雖然早就知道他回來, 譙縣上下都要會為之震憾,然而曹操無意叫譙縣興師動眾, 他回來, 單純就是想看看他的故鄉, 他幼時長大,無憂無慮的成長的地方。
“大王雖不願驚憂百姓,然臣等豈敢怠慢。”譙縣縣令連頭都不敢抬地回話。
“聽孤的,什麼都不做,就算你不怠慢了。讓百姓都散去。”曹操揚著眉辨不清喜怒地開了口。
那原本還有些猶豫的縣令應了一聲, 連忙的讓人將百姓都驅散了。
“阿爹,你還記得回家的路嗎?”曹盼打趣地問了一句。
“說的哪裡話, 走, 騎馬, 阿爹帶你回我們曹家。
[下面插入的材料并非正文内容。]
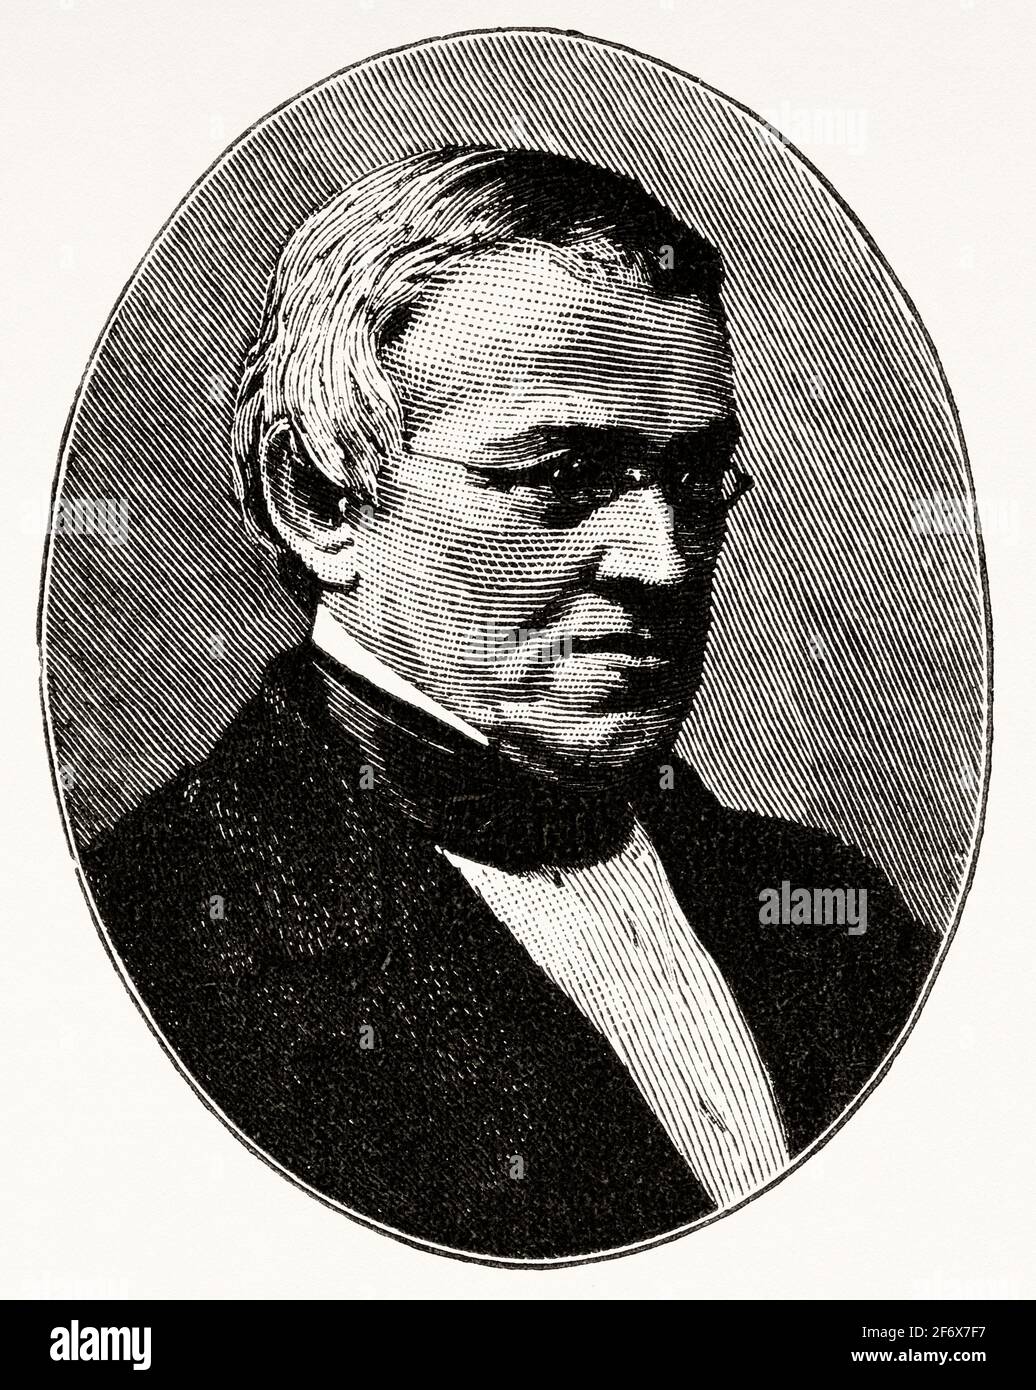 Portrait de Sir Charles Wheatstone (1802-1875) scientifique et inventeur anglais de nombreuses percées scientifiques de l'ère victorienne, y compris la concertina anglaise, le stéréoscope et le chiffrement Playfair. Mieux connu pour ses contributions dans le développement du pont de Wheatstone. Royaume-Uni, Angleterre. Europe Banque D'Images

”曹操哭笑得不得地與曹盼說來,招手讓人牽了馬來, “與為父賽賽馬如何?”
“城中怕是不成,出了城到了鄉間,賽一賽又何妨。”曹盼俏皮地側過頭與曹操說, 曹操一笑, “善。”
父女倆默契地上了馬,慢慢地策馬催促而去,曹操與曹盼大致說了路, 走到鄉間, 四下無人, 曹操道:“走,瞧著你快還是我快!”
話音落下人馬已經遠去,曹盼在後喊道:“阿爹你怎麼那麼無賴。”
曹操笑著回道:“你阿爹本就不是什麼正人君子,快追吧。”
真是敢做敢認呐,曹盼不得不服了,趕緊的追上去,後頭的侍衛也都急急地追上去。
單論馬兒,父女倆的馬,腳力不相伯仲,不過這幾年曹盼下了一番功夫在馬術上,追著曹操總算是追著了。
讓他們父女都想不到的是,空無一人的鄉間小路,突然冒出了一個男人直接地躺在路上。
曹盼超過了曹操,正卯足了勁地要繼續往前趕,那麼一個人躺在路上,驚得曹盼連忙拉住了馬兒,拉得太猛,馬兒一聲長嘯,雙蹄揚起,直接把曹盼從馬背上掀了下來。
得虧了曹盼反應極快,落馬之前護住了頭顱,打了幾個滾總算安然無恙地落了地。
“盼盼,世女。”曹操落了曹盼半截,曹盼那樣拉住了馬,他也同時地減了速,安然地停下,擔心的喚了曹盼一聲。
“阿爹我沒事。”身上雖然沾了點灰塵,沒什麼事。
“大膽,竟然擋住魏王的去路。”這回護送曹操他們父女回來的是許禇,許禇怒懟那躺在地上的男人。
男人側過頭道:“這裡又不是馬場,他們賽馬不看路,與我何乾?”
“這裡也不是你家榻上,更不是睡覺的地方,我要是不管不顧的任由馬兒踩踏過你,亦與人無尤。”聽了許禇報上了曹操的魏王之名,那人還敢這麼回話,曹盼覺得有意思了,故出言懟上。
許禇又不是善口舌之人,跟這樣的人說起話來隻有吃虧的份。
躺著的男人以曹盼那麼一懟,側過頭看了曹盼一眼,“那你為何拉住馬兒,叫你自己落了一身的灰塵?”
“如你所說,此處不是馬場,我縱馬是錯,而此處雖非你家床榻,你當了此處是床榻雖亦有錯,卻不致死。”曹盼將自己為何拉住馬繩的理由道來,引得那人笑了。
“都說你蔑視天下,意與天下男人爭江山,怎麼沒聽人說過你心懷仁慈。”男子笑完之後坐了起來,盯著曹盼如是說。
曹盼聳聳肩道:“你也說了都說。這都說我的人,都是些什麼人?男人。我一個女流之輩與他們爭江山,他們爭不過我就已經夠叫他們沒臉的了,他們能說我的好話?人雲亦雲,信之者不過是三人成虎罷了,非我之過。”
男子看著曹盼,“目光清明,雖為世女依然不驕不縱,適才我出來的快,你能在危急之時不顧自己安危把馬拉住,好樣的。”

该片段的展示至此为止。